Osmanlı İmparatorluğu, 1299’da kuruldu ve 1922’de yerini TÜRKİYE CUMHURİYETİ’ne bıraktı.

b) 623 yıl ve bugün 64 devlet.

Osmanlı İmparatorluğu, babadan oğula intikal eden bir sistemle 623 yıl devam etti. Gücünün doruğunda olduğu 16 ve 17. yüzyıllarda Avrupa, Asya ve Afrika’nın bazı bölgelerine yayıldı ve Balkanlar, Orta Doğu, Kuzey Afrika ve Doğu Avrupa’nın bir bölümünü idaresi altında tuttu. Bu yüzyıllarda ülkenin sınırları batıda Cebebitarik Boğazı, doğuda Hazar Denizi ile Basra Körfezi’ne; kuzeyde Avusturya, Macaristan ve Ukrayna’nın bir bölümüne; güneyde ise Sudan, Eritre, Somali ve Yemen’e kadar uzanıyordu. 7

İşte bu dönemde Osmanlı İmparatorluğu’nun yüzölçümü, 20 milyon km2 ve tâbi devletlerle 24 milyon km2 idi. Zamanımızda, vaktiyle uzun yıllar Osmanlı devleti idaresinde kalan Avrupa’da 28, Asya’da 14, Afrika’da 22 devlet olmak üzere toplam 64 devlet; Osmanlı sınırları içinde olmamakla beraber halifeye bağlı olan 8 devletle birlikte 72 devlet var.

Türkler, tabir caizse, 72 milleti, adaletle yüz yıllarca idare ettiler; kimsenin dinine, diline, örf ve âdetine karışmadılar. Bizler böyle bir milletiz. Ama elin oğlu kısa zamanda girdiği yerlerde her şeyi değiştirdi ve değiştiriyor. Herkes, kendisine yakışanı yapar.

c) Türkiye Cumhuriyeti.

Osmanlı devleti, 1699’da Karlofça Antlaşması sonrası gerileme dönemine girdi, toprak kayıplarının sonucunda sınırları sürekli daraldı.8

1.Dünya savaşı ve Kurtuluş savaşlarında ecdadımız, adeta çarıkla, kazma, kürekle yedi düvele karşı büyük bir mücadele verdi ve Atatürk’ün önderliğinde Türkiye Cumhuriyeti’ni kurdular.

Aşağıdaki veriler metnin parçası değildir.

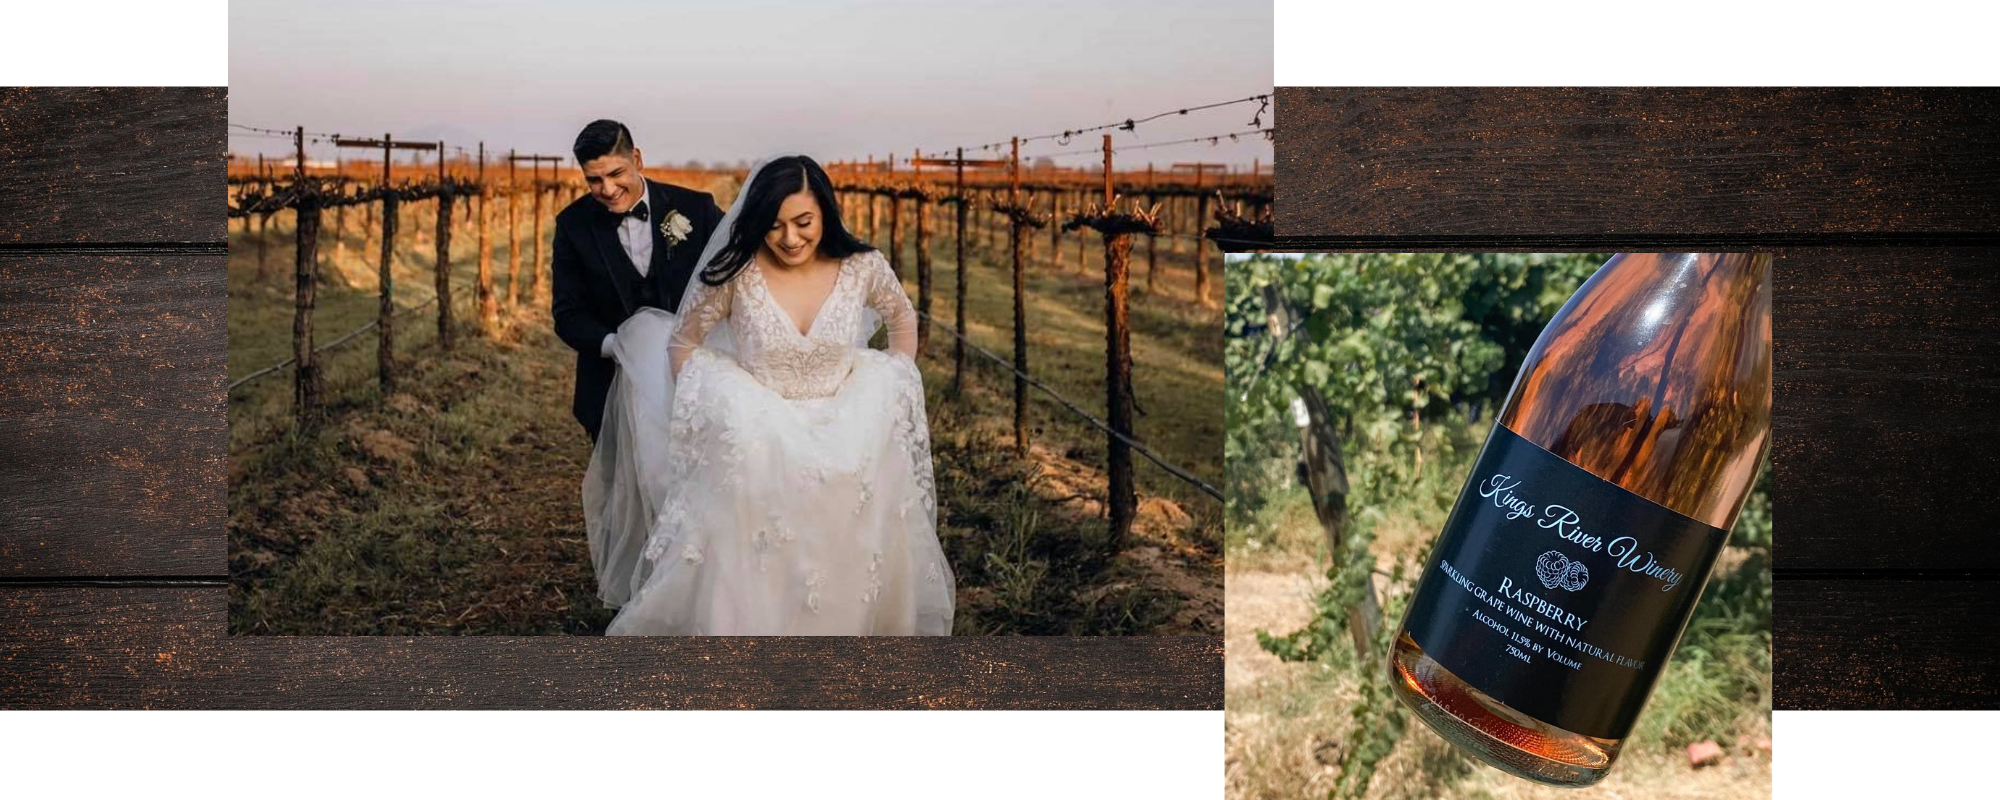 bride and groom in vineyard and bottle of raspberry wine
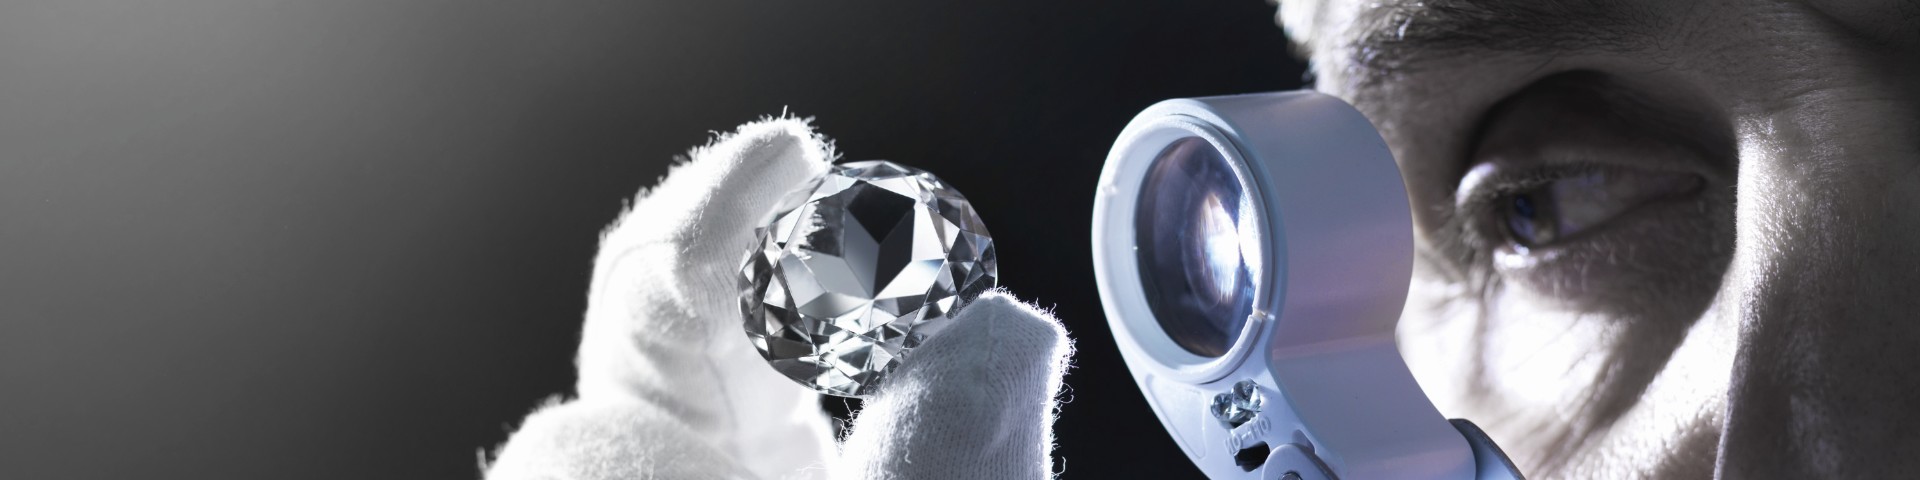 Experte prüft Diamanten mit Lupe

Cumhur, halk demektir. Eşanlamlısı nâs, umum, enâm; yani halk, insanlar yaratıklar.9

Cumhuriyet ise: “Seçilmiş bir başkanın yönetimi altında bulunan devlet; millet hâkimiyetine dayanan, millet hâkimiyetinin belli süreler için seçilmiş milletvekilleri vasıtası ile kullanıldığı devlet şeklidir.”10

Demokrasi, devletin siyasi rejimini ifade eder. Demokrasilerde, hürriyet, eşitlik, kardeşlik, vatandaşlık, sorumlu yönetim, etkin denetim, dürüstlük, açıklık ve katılım gibi temel ilkeler vardır. Cumhuriyet ve demokrasi idaresi gizli oy ve açık tasnif ile halkın kendisini yönetecek kişileri seçmesi ve seçimle gelenlerin, yine seçimle gitmesidir. Kim olursa olsun, nereli olursa olsun, isteyen herkese bu yol açıktır. Kanun önünde herkes eşittir. Yeter ki hukuk ve adalet hakkıyla gerçekleştirilsin. Yüz iki yıllık cumhuriyet tarihi boyunca bunun güzel örneklerini gördük ve görüyoruz. Kötüleri de var ama biz iyilerini örnek almalıyız.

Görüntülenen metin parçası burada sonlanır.